Backyard growing: you can make marijuana look like pretty much a completely different plant.
You can change the characteristic shape of a marijuana plant--turn it into a bush--by topping.
When the plant is 12" tall, cut off the upper 4" (mid-way between branches).  Two main branches will grow from that point.  When those 2 are 12" long, cut off the top 4", now you've got 4.  Do it again, 4 main branches become 8.  This also causes the plant to grow in width, keeping it short.  You can train it to grow in sort of a dome shape.
Then, get some plastic flowers and berries from a crafts shop and attach them to the plant, flowers first and a few month later move the flowers and attach berries.
Everybody know pot doesn't grow big red flowers and berries, right?
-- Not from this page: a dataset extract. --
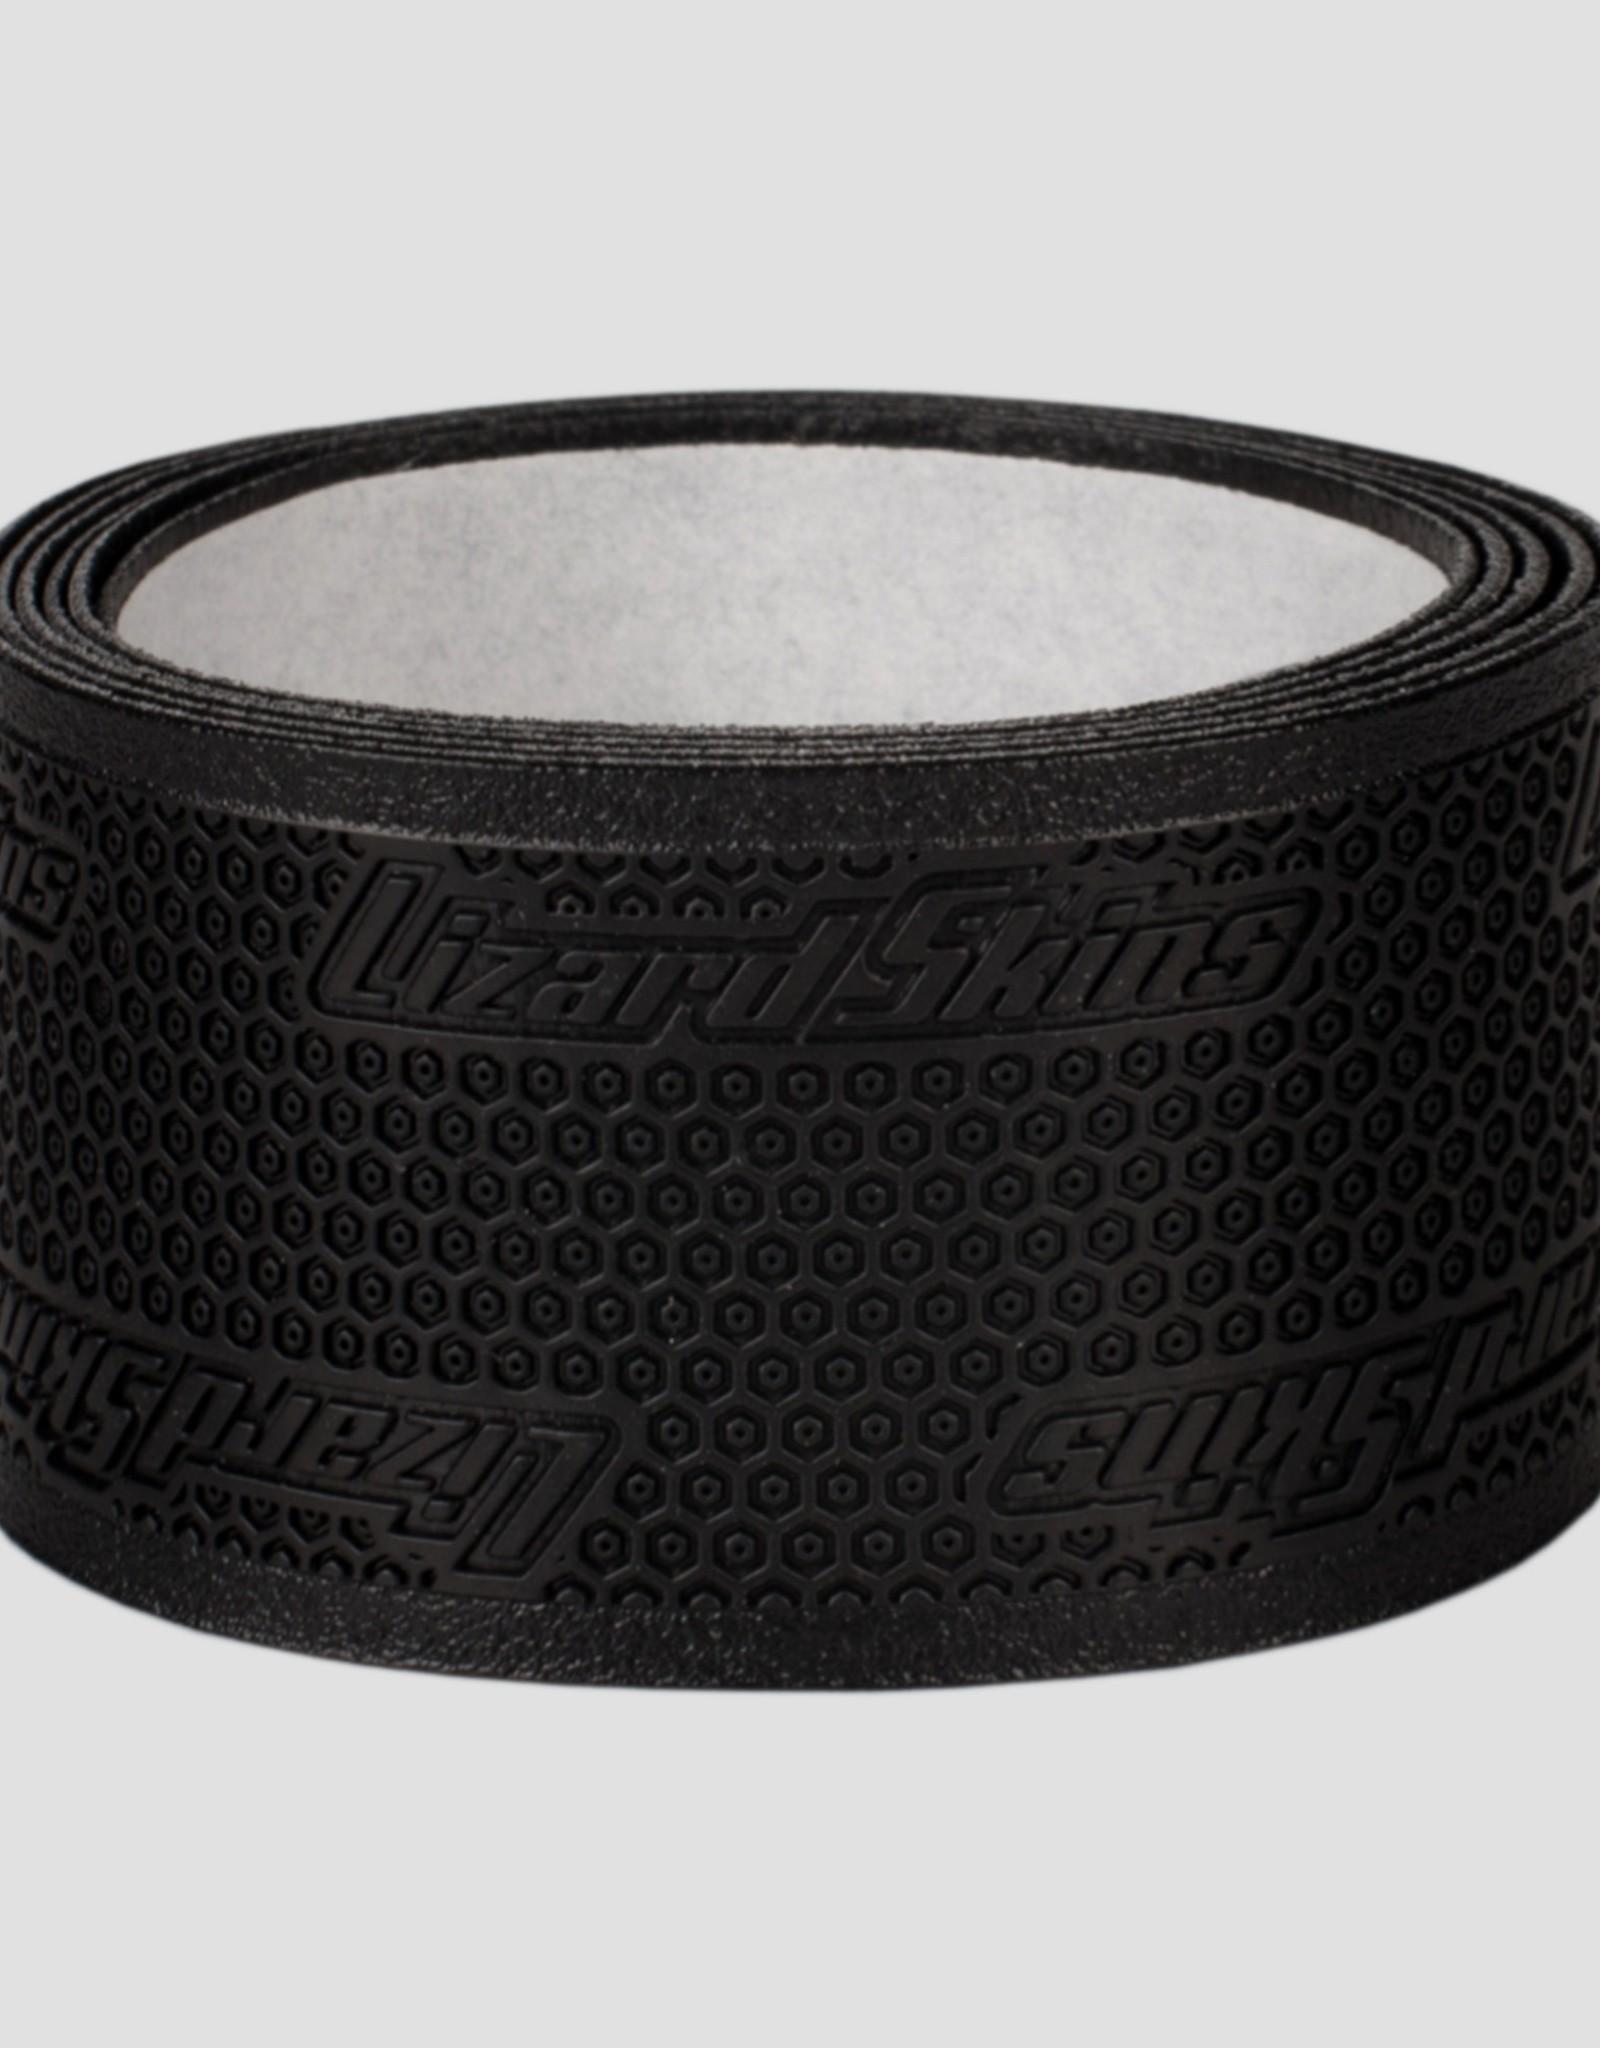 Lizard Skins Lizard Skins Hockey Grip Tape

The hardest part of guerilla growing is finding a suitable site.  It MUST be remote, someplace where no one will ever go.  You want a clearing, near but not next to water.
No matter where you grow, the plants will need water every few days.  If it doesn't rain you must bring them water.
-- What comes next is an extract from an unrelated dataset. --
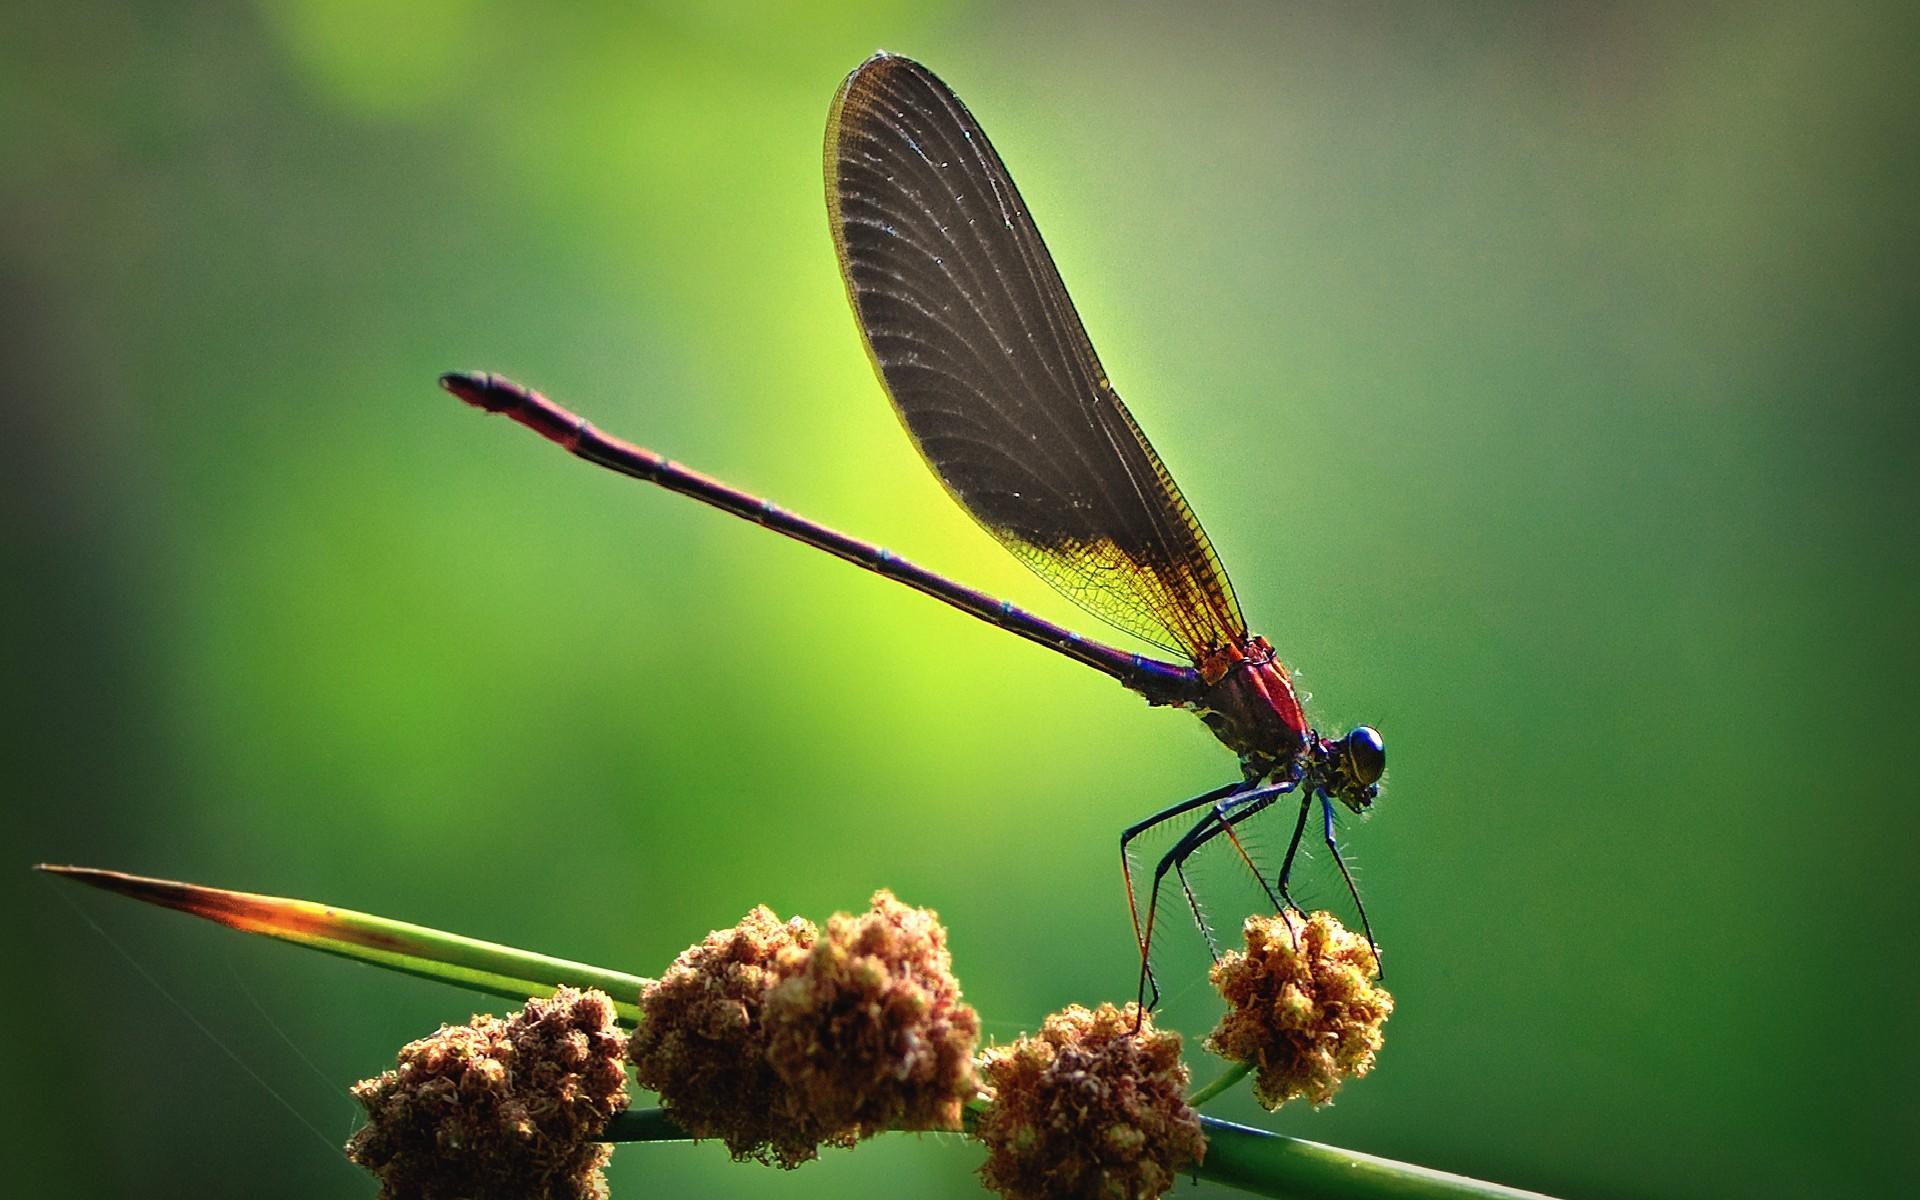 dragonfly wallpapers - wallpapersafari

The plants will be ready for harvesting in mid-Oct.


----------



## Mutt (Mar 26, 2006)

Are you crazy soofaded????

Aren't already in trouble with you school and family?????
Now your growing????
You get busted forget about college dude. Govt. Grants don't like pot cultivators.


----------



## soofaded (Mar 26, 2006)

lols yeah im in trouble but im so bored i dont ahve anything to do .. lols i dont know if i am gnna plant yet i have everything at home because my grandma use to do alot of gardening but i just dont have a spot ahha and ganja the plastic plants haha thats a crazy ass idea hahahah thats cool thanks for the advice. i dont know if im going to do it yet it looks super fun

so it takes 7months to harvest.. ? 

haha mutt if i was your kid u`d beat my ass huh ahhaa


----------



## Mutt (Mar 26, 2006)

soofaded said:
			
		

> haha mutt if i was your kid u`d beat my ass huh ahhaa


 
Nope. you wouldn't be gettin into trouble. you'd either be in a private school or home schooled and in total lock-down. hahahaha

Grow outside not near your residence if your gonna grow.


----------



## soofaded (Mar 26, 2006)

lols thats what happend to me im on lock down . and before i was at a private school


----------